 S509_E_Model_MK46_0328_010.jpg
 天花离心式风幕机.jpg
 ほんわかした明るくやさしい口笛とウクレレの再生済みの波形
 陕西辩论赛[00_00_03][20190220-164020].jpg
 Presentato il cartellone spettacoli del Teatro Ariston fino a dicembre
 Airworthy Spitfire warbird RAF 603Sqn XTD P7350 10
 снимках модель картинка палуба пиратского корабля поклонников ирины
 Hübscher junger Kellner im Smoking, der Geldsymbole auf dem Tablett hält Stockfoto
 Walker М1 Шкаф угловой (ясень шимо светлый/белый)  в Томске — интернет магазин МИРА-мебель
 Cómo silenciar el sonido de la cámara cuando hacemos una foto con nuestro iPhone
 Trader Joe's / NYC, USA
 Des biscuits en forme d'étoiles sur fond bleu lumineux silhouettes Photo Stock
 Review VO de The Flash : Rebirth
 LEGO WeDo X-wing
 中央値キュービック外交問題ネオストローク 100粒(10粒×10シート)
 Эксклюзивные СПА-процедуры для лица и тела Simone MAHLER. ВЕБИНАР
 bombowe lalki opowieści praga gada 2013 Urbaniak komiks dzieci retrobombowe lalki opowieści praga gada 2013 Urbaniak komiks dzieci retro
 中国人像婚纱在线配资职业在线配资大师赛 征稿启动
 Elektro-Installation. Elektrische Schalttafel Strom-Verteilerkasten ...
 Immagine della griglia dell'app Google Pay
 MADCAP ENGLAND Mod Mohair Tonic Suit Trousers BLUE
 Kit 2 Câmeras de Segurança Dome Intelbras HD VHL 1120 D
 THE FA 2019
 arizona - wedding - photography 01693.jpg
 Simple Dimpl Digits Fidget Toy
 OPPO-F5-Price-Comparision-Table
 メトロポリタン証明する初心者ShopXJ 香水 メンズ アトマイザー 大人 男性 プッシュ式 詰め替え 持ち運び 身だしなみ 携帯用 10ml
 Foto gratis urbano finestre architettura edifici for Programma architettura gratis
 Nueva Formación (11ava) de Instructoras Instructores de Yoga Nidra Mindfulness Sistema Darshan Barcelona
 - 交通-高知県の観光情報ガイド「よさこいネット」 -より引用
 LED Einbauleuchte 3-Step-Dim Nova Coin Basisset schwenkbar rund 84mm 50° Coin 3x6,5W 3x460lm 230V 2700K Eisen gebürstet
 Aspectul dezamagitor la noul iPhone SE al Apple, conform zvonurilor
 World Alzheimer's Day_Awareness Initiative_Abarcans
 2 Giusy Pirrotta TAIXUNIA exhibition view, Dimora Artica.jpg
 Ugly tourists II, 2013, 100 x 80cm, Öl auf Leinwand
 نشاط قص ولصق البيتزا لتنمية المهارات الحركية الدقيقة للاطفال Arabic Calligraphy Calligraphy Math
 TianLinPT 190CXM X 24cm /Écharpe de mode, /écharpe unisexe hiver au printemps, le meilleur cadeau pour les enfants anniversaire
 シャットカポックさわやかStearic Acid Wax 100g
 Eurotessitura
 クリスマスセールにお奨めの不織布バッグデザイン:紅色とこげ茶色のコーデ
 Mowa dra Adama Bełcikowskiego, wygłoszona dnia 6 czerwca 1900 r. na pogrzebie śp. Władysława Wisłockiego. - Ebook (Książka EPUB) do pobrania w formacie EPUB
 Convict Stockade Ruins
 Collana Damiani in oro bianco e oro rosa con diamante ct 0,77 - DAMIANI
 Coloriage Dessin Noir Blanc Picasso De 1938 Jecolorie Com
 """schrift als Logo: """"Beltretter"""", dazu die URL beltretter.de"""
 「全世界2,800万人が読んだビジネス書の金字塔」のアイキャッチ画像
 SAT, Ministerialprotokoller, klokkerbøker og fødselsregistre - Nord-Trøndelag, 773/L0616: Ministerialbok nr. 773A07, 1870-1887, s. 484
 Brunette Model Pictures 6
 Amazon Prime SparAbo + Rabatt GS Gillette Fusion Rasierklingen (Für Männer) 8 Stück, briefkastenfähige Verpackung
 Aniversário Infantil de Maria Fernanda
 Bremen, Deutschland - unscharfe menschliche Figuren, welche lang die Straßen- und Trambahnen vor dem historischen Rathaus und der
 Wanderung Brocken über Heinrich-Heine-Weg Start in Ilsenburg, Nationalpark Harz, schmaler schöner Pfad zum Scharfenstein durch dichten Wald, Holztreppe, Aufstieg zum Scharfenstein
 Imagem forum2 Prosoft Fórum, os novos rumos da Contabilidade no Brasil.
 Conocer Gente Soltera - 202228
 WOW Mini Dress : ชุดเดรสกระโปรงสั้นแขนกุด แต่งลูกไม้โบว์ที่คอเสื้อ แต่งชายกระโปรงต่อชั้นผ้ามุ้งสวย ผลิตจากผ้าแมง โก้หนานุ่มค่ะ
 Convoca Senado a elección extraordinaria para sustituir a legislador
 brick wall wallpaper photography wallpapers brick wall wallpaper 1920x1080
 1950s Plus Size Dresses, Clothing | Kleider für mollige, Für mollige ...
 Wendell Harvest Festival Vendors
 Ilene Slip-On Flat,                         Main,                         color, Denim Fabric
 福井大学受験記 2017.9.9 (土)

## What you are asked to do
For this exercise, please output exactly the lines above starting at the line with "TianLinPT 190CXM X" and ending at the line with "Imagem forum2 Prosoft", ends included.

## Written solution
 TianLinPT 190CXM X 24cm /Écharpe de mode, /écharpe unisexe hiver au printemps, le meilleur cadeau pour les enfants anniversaire
 シャットカポックさわやかStearic Acid Wax 100g
 Eurotessitura
 クリスマスセールにお奨めの不織布バッグデザイン:紅色とこげ茶色のコーデ
 Mowa dra Adama Bełcikowskiego, wygłoszona dnia 6 czerwca 1900 r. na pogrzebie śp. Władysława Wisłockiego. - Ebook (Książka EPUB) do pobrania w formacie EPUB
 Convict Stockade Ruins
 Collana Damiani in oro bianco e oro rosa con diamante ct 0,77 - DAMIANI
 Coloriage Dessin Noir Blanc Picasso De 1938 Jecolorie Com
 """schrift als Logo: """"Beltretter"""", dazu die URL beltretter.de"""
 「全世界2,800万人が読んだビジネス書の金字塔」のアイキャッチ画像
 SAT, Ministerialprotokoller, klokkerbøker og fødselsregistre - Nord-Trøndelag, 773/L0616: Ministerialbok nr. 773A07, 1870-1887, s. 484
 Brunette Model Pictures 6
 Amazon Prime SparAbo + Rabatt GS Gillette Fusion Rasierklingen (Für Männer) 8 Stück, briefkastenfähige Verpackung
 Aniversário Infantil de Maria Fernanda
 Bremen, Deutschland - unscharfe menschliche Figuren, welche lang die Straßen- und Trambahnen vor dem historischen Rathaus und der
 Wanderung Brocken über Heinrich-Heine-Weg Start in Ilsenburg, Nationalpark Harz, schmaler schöner Pfad zum Scharfenstein durch dichten Wald, Holztreppe, Aufstieg zum Scharfenstein
 Imagem forum2 Prosoft Fórum, os novos rumos da Contabilidade no Brasil.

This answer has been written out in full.